Chapter 7 executable program works
First, the study notes
1.ELF
2. Compile program
3. Connect with the library
Second, the test records
1. Start by updating the kernel, then test_exec.c will overwrite test.c
2.test.c document adds exec system call, start a kernel function correctly and check execv
3. Finally, start gdb debugger
4. sys_execve set breakpoints in the other places, and single-step
5. Enter readelf last exit debug mode -h hello hello you can view the EIF head
Visible elf header size is 52 bytes, and analyzed by hexadecimal dump command reads the first 52 bytes
6. command: hexdump -x hello -n 52
Analysis:
First line:
the first four bytes at the beginning of the fixed elf 7f454c46 (0x45,0x4c, 0x46 is 'e', 'l', 'f' corresponding to the encoded ascii), which represents an ELF object. The next byte 01 represents a 32-bit object, the following representation is a little endian byte 01 represents the law, then the next byte 01 indicates a version of the file header. The remaining defaults are set to 0.
The second line:
e_type value of 0x0002 indicate an executable file. e_machine value 0x0003 represents a intel80386 processor architecture. e_version value 0x00000001 Indicates the current version. e_entry 0x04080a8d value represents the entry point. e_phoff offset value of 0x00000034 indicates that the program header table is 0x34 or 52 bytes exactly elf header size.
Third row:
e_shoff 0x000a20f0 value represents the section header table offset address. 0x00000000 indicates an unknown value processor e_flags particular marker. e_ehsize value 0x0034 represents elf file header size 52 bytes. e_phentsize entry indicates the length of a program header table (application head), i.e. the value of 0x0020 is 32 bytes. e_phnum value 0x0006 gives the number of entries in the program header table. e_shentsize value of 0x0028 indicates the section header table entry (header section) size is 40 bytes.
Fourth row:
the e_shnum 0x001f value of the section header table showing the entrance 31. 0x001c e_shstrndx value represents the index section name string table section in the table.
7.exec () Function Structure
int do_execve(struct filename *filename,
const char __user *const __user *__argv,
const char __user *const __user *__envp)
{
return do_execve_common(filename, argv, envp);
}
static int do_execve_common(struct filename *filename,
struct user_arg_ptr argv,
struct user_arg_ptr envp)
{
// 检查进程的数量限制
// 选择最小负载的CPU,以执行新程序
sched_exec();
// 填充 linux_binprm结构体
retval = prepare_binprm(bprm);
// 拷贝文件名、命令行参数、环境变量
retval = copy_strings_kernel(1, &bprm->filename, bprm);
retval = copy_strings(bprm->envc, envp, bprm);
retval = copy_strings(bprm->argc, argv, bprm);
// 调用里面的 search_binary_handler
retval = exec_binprm(bprm);
// exec执行成功
}
static int exec_binprm(struct linux_binprm *bprm)
{
// 扫描formats链表,根据不同的文本格式,选择不同的load函数
ret = search_binary_handler(bprm);
// ...
return ret;
}Third, the summary
From the above code, do_ execve call do_ execve_ common, but do_ execve_ common and mainly rely on the exec_ binprm, have a vital function in the exec_ binprm called search_binary_ handler.

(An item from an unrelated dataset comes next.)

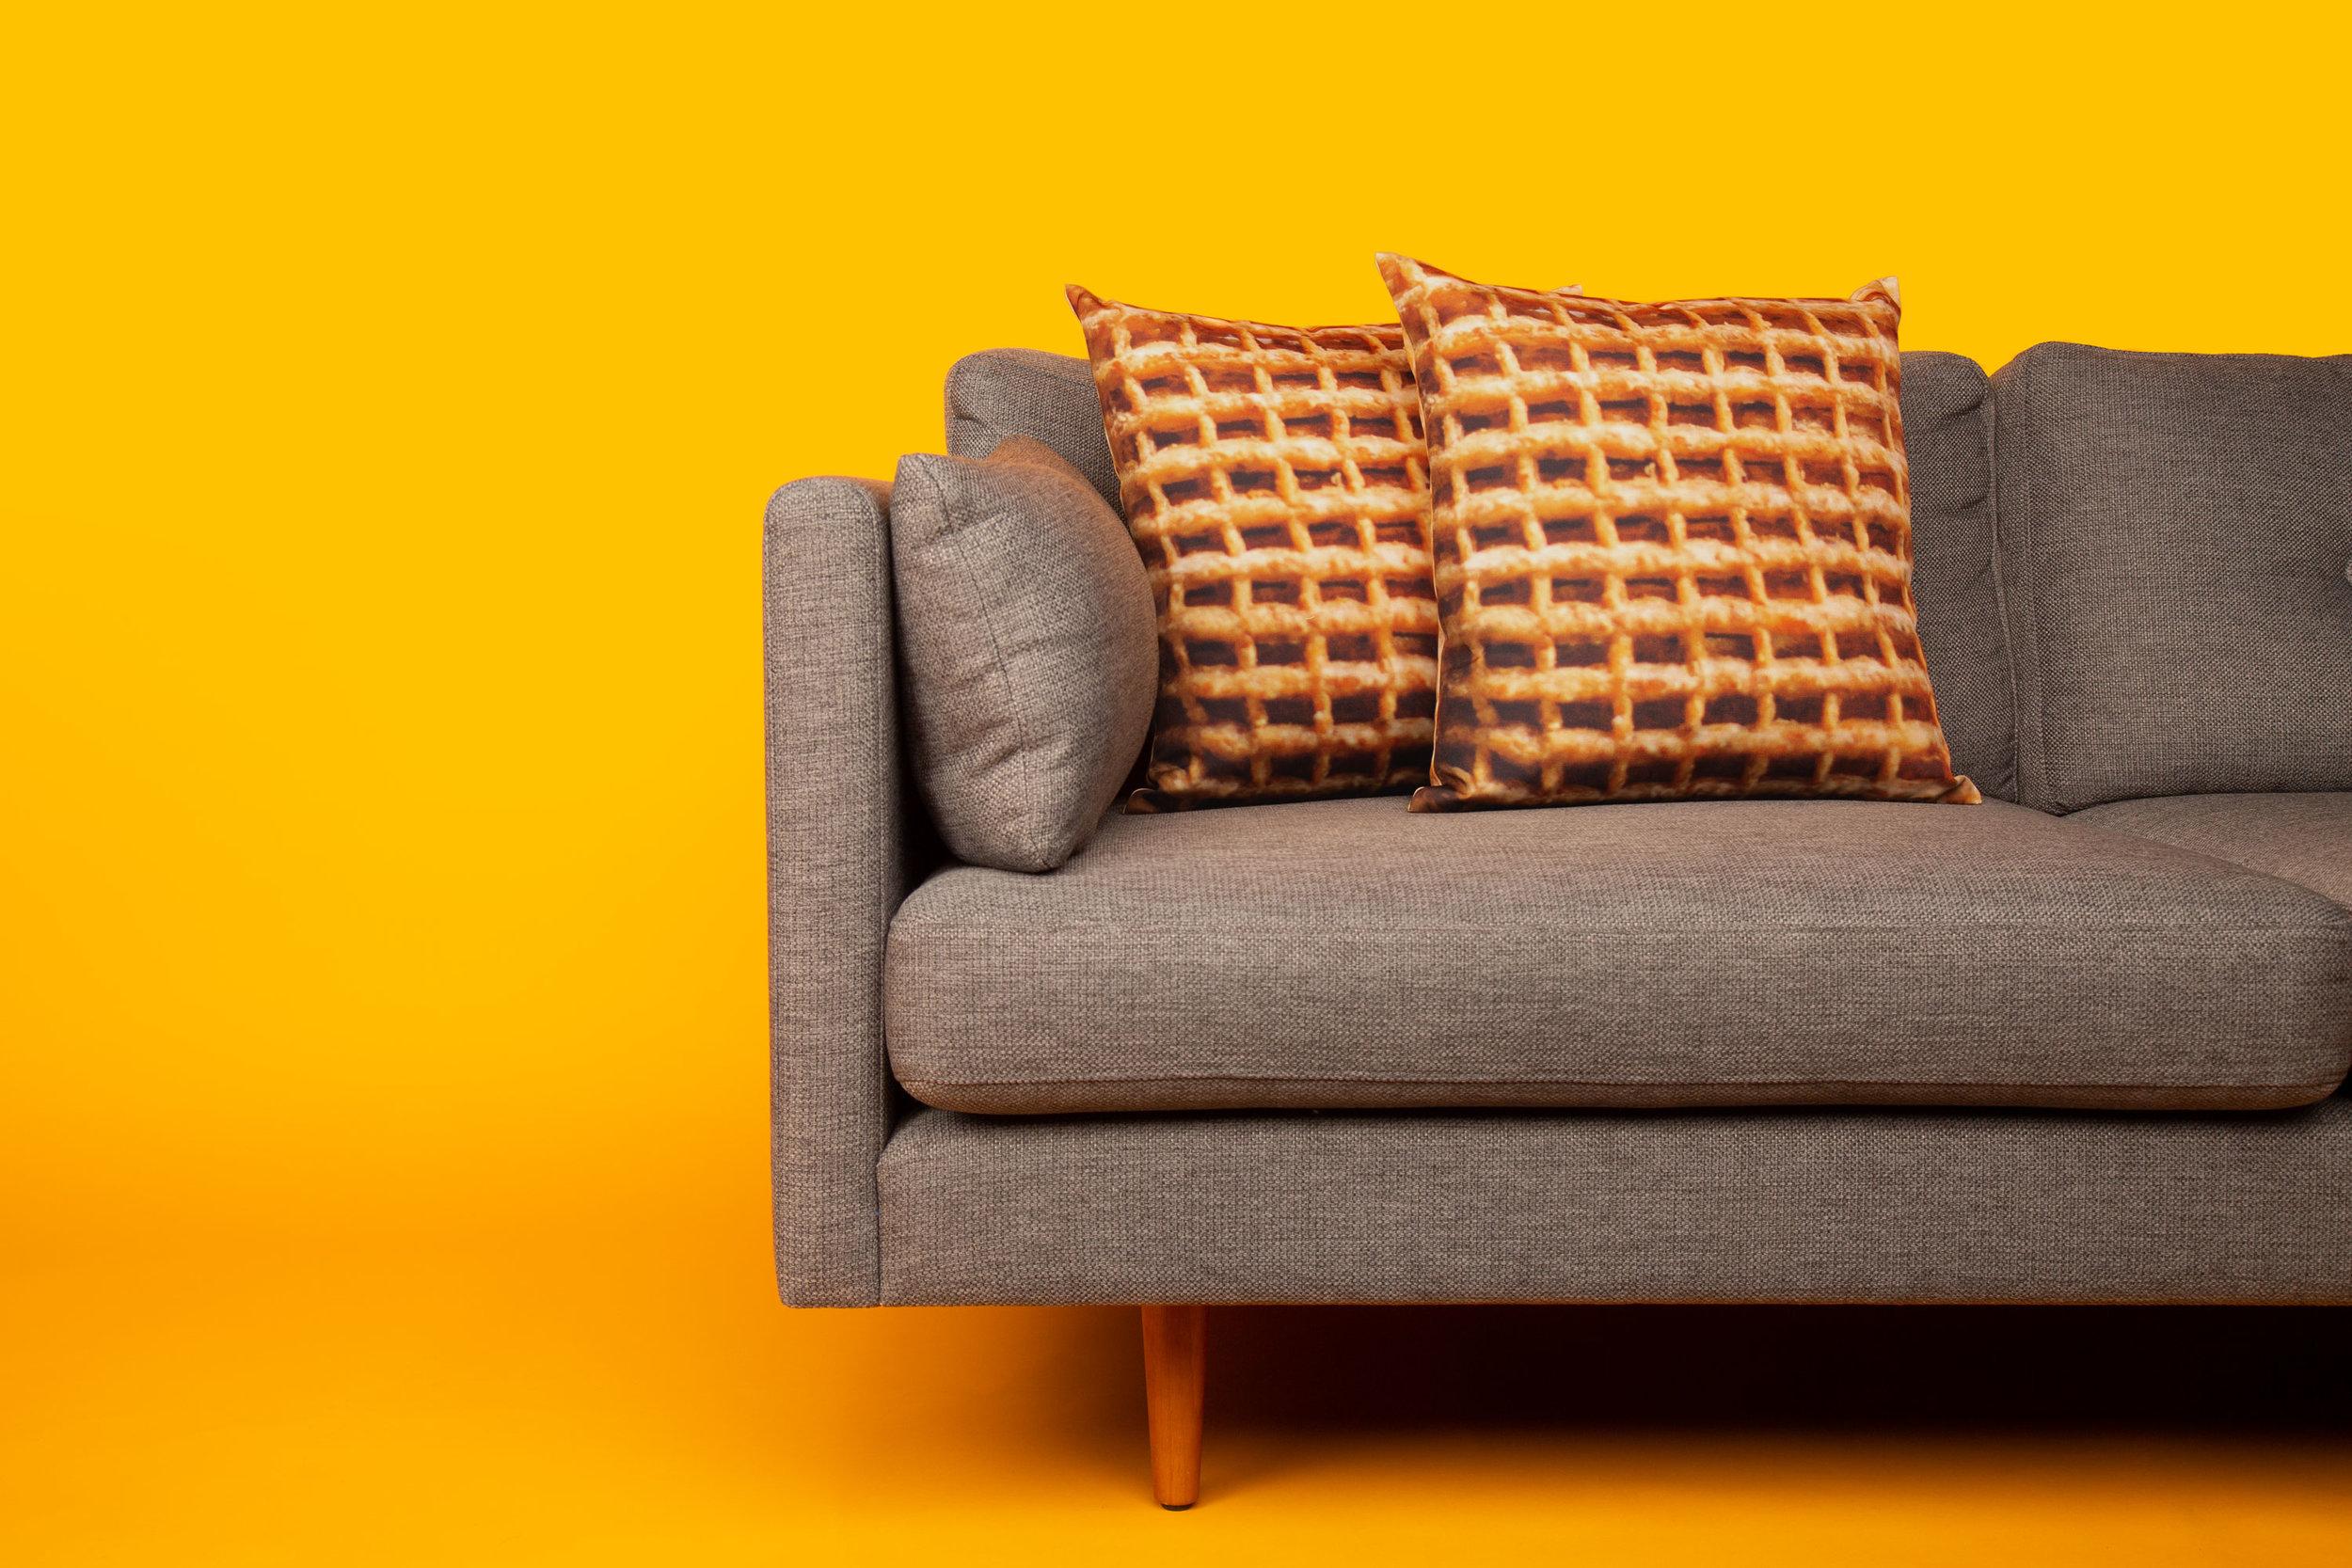 52825-Couch-Horz-1880-v2-sRGB.jpg

This is the internal sys_execve processing.
This week the focus of learning is the process of document processing:
- Pretreatment: gcc -E -o hello.cpp hello.c -m32 (responsible for the include file contains come, macro substitution)

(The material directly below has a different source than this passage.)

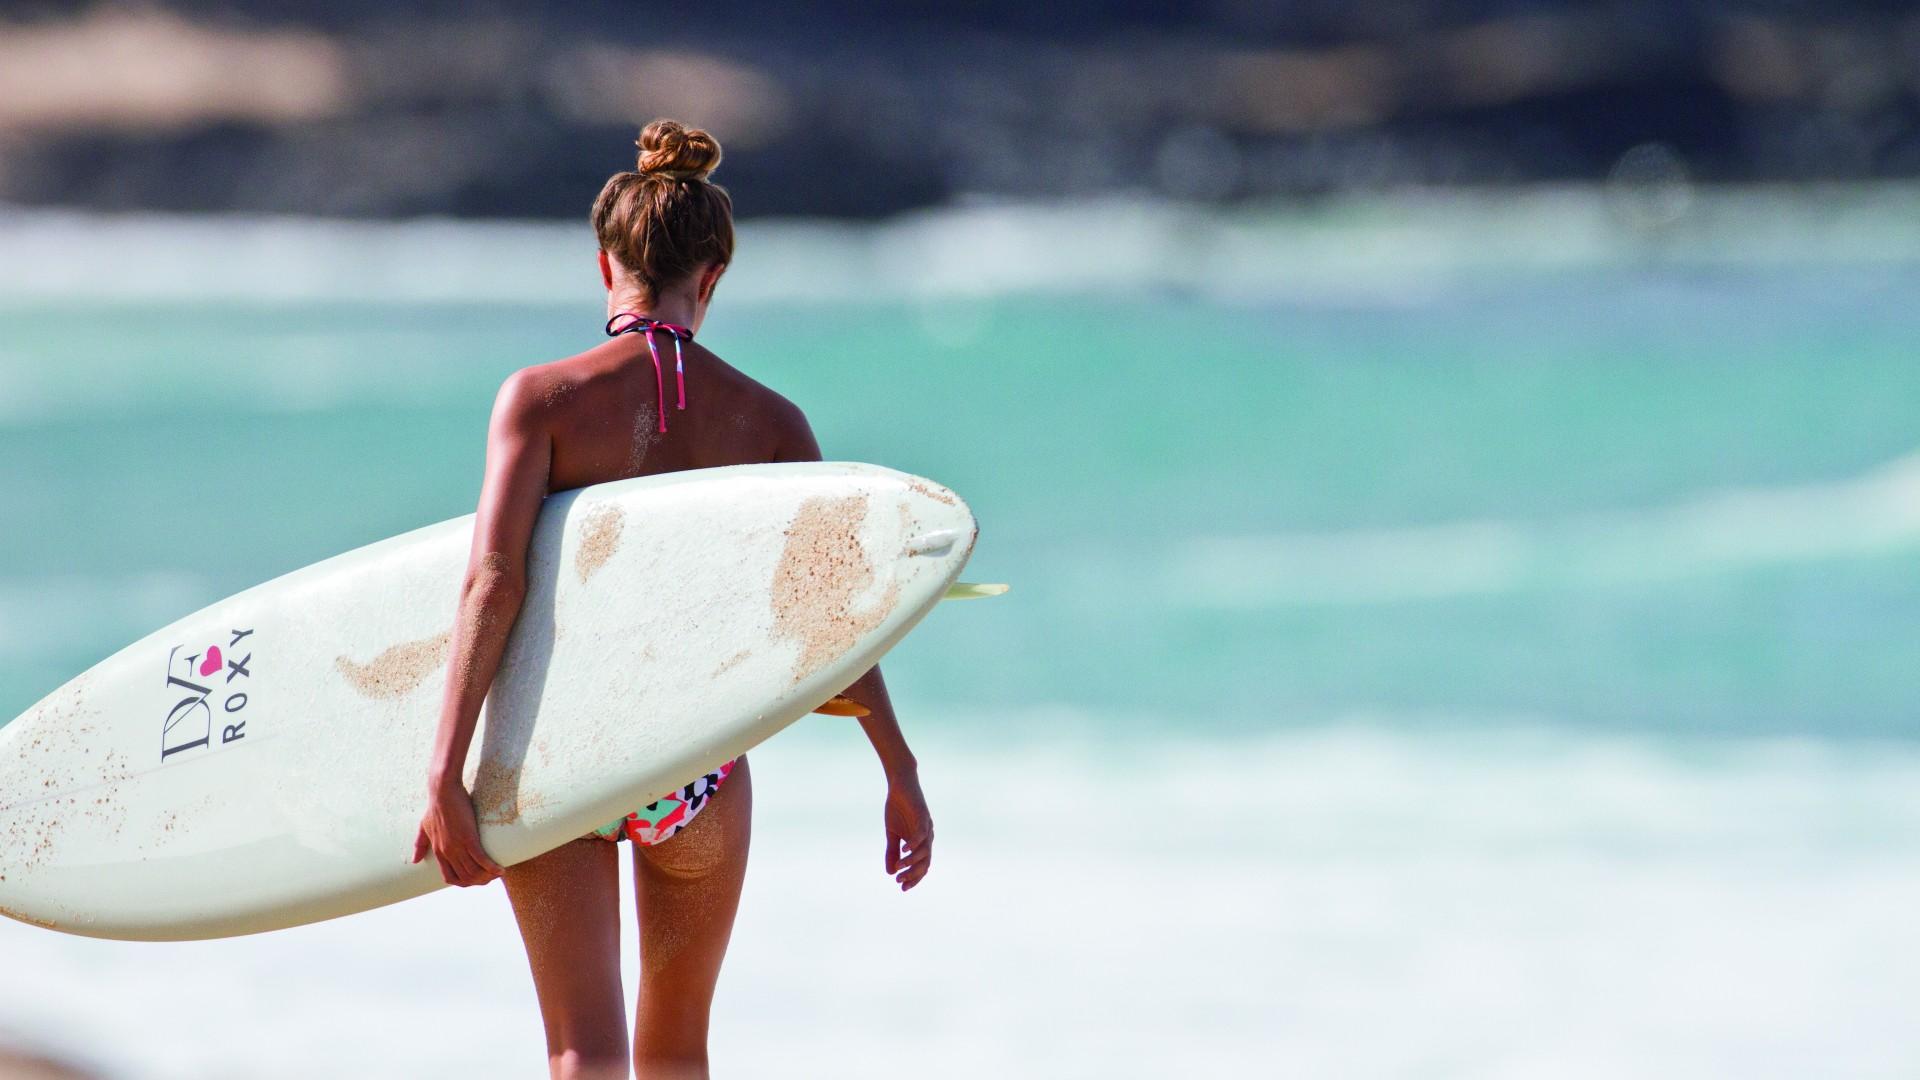 surfer girl desktop wallpaper 58688 1920x1080 px ~ hdwallsource

- Compile: gcc -x cpp-output -S hello.s -o hello.cpp -m32 (gcc -S calls ccl, compiling a compendium
-S calls ccl, compiled into assembly code) - Compilation: gcc -x assembler -c hello.s -o hello.o; (gcc -c call as, get binaries)
- Links: gcc -o hello hello.o; (gcc -o ld call form the target executable file)
Links are divided into static linking and dynamic linking. Statically linked ELF object file generated three main:
- Relocatable files: save the code and appropriate data, and other object used to create an executable file or a shared file together. Mainly .o file.
- Executable: Saving a program to be executed, it pointed out that the exec (BA_OS) How to create a program process mapping, documentation and how to load out where to begin.
- Share files: holds code and data used are the following two linker links:
One link compiler, you can create other object files and other relocatable and shared files;
the second is the dynamic linker, a joint executable share files and other files to create a process image. Mainly .so file.
eip is also an important concept for the eip address entry, if it is statically linked executable file, point to the eip elf file header e_entry referred to; if it is dynamically linked, pointing eip dynamic linker. For when execve statically linked program execution, by modifying the value of eip saved kernel stack as a starting point for the new process.